Conocemos ya buena parte del reglamento del campo, que es extraordinariamente complicado. Las prohibiciones son innumerables: acercarse más de dos metros a las alambradas; dormir con la chaqueta puesta, sin calzoncillos o con el gorro puesto; usar determinados lavabos o letrinas que son nur für Kapos o nur für Reichsdeutsche; no ir a la ducha los días prescritos, e ir los días no prescritos; salir del barracón con la chaqueta desabrochada o con el cuello levantado; llevar debajo de la ropa papel o paja contra el frío; lavarse si no es con el torso desnudo.
Infinitos e insensatos son los ritos que hay que cumplir: cada día por la mañana hay que hacer "la cama" dejándola completamente lisa; sacudir los zuecos fangosos y repugnantes de la grasa de las máquinas, raspar de las ropas las manchas de fango (las manchas de barniz, de grasa y de herrumbre se admiten, sin embargo); por las noches hay que someterse a la revisión de los piojos y a la revisión del lavado de los pies; los sábados hay que afeitarse la cara y la cabeza, remendarse o dar a remendar los harapos; los domingos, someterse a la revisión general de la sarna, y a la revisión de los botones de la chaqueta, que tienen que ser cinco.
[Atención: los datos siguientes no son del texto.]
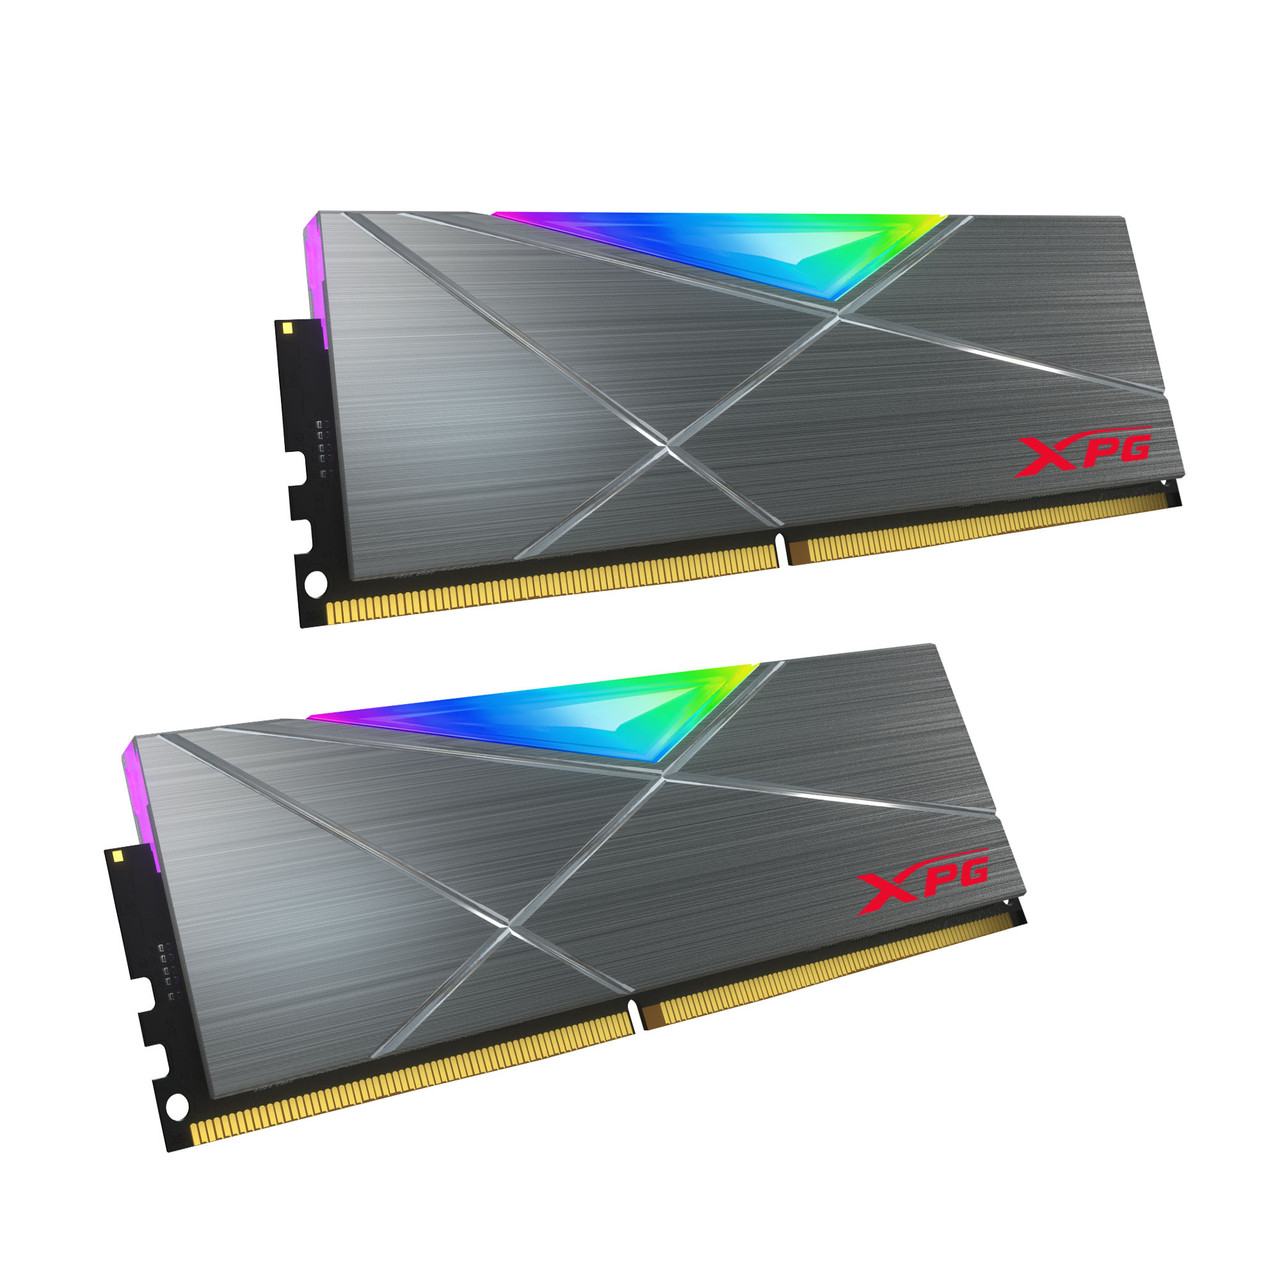 XPG SPECTRIX D50 RGB Desktop Memory: 16GB (2x8GB) DDR4 3200MHz

Además, se dan innumerables circunstancias, normalmente insignificantes, que se convierten en problemas. Cuando las uñas están largas hay que cortárselas, lo que no se puede hacer sino con los dientes (para las uñas de los pies es suficiente el roce de los zapatos); si un botón se pierde hay que saber cosérselo con un hilo de alambre; si se va a la letrina o al lavabo hay que llevarse todo consigo, siempre y en cualquier parte, y mientras uno se lava los ojos tiene que tener el lío de la ropa bien cogido entre las rodillas: si no fuese así, en aquel preciso momento se lo robarían. Si un zapato hace daño hay que acudir por la tarde a la ceremonia del cambio de zapatos: en ella se pone a prueba la pericia del individuo, que en medio de un increíble montón tiene que saber elegir con un rápido vistazo un zapato (no un par) que le esté bien, porque una vez que lo ha elegido no se le permiten más cambios.
Y no creáis que los zapatos, en la vida del Lager, son un factor sin importancia. La muerte empieza por los zapatos: se han convertido, para la mayoría de nosotros en auténticos instrumentos de tortura que, después de las largas horas de marcha, ocasionan dolorosas heridas las cuales fatalmente se infectan. Quien las padece está obligado a andar como si tuviese una bala en el pie (y he aquí por qué andan tan extrañamente los ejércitos de larvas que cada noche vuelven desfilando); llega a todas partes el último y por todas partes recibe golpes; no puede huir si lo persiguen; se le hinchan los pies, y cuanto más se le hinchan más insoportable le resulta el roce con la madera y la tela de los zapatos. En­tonces lo único que le queda es el hospital: pero entrar en el hospital con el diagnóstico de dicke Füsse (pies hinchados) es extraordinariamente peligroso, porque es bien sabido por todos, y especialmente por los SS, que de este mal aquí es imposible curarse.
Y a todo esto todavía no hemos tenido en cuenta el trabajo, que a su vez es una maraña de leyes, de tabúes y de problemas.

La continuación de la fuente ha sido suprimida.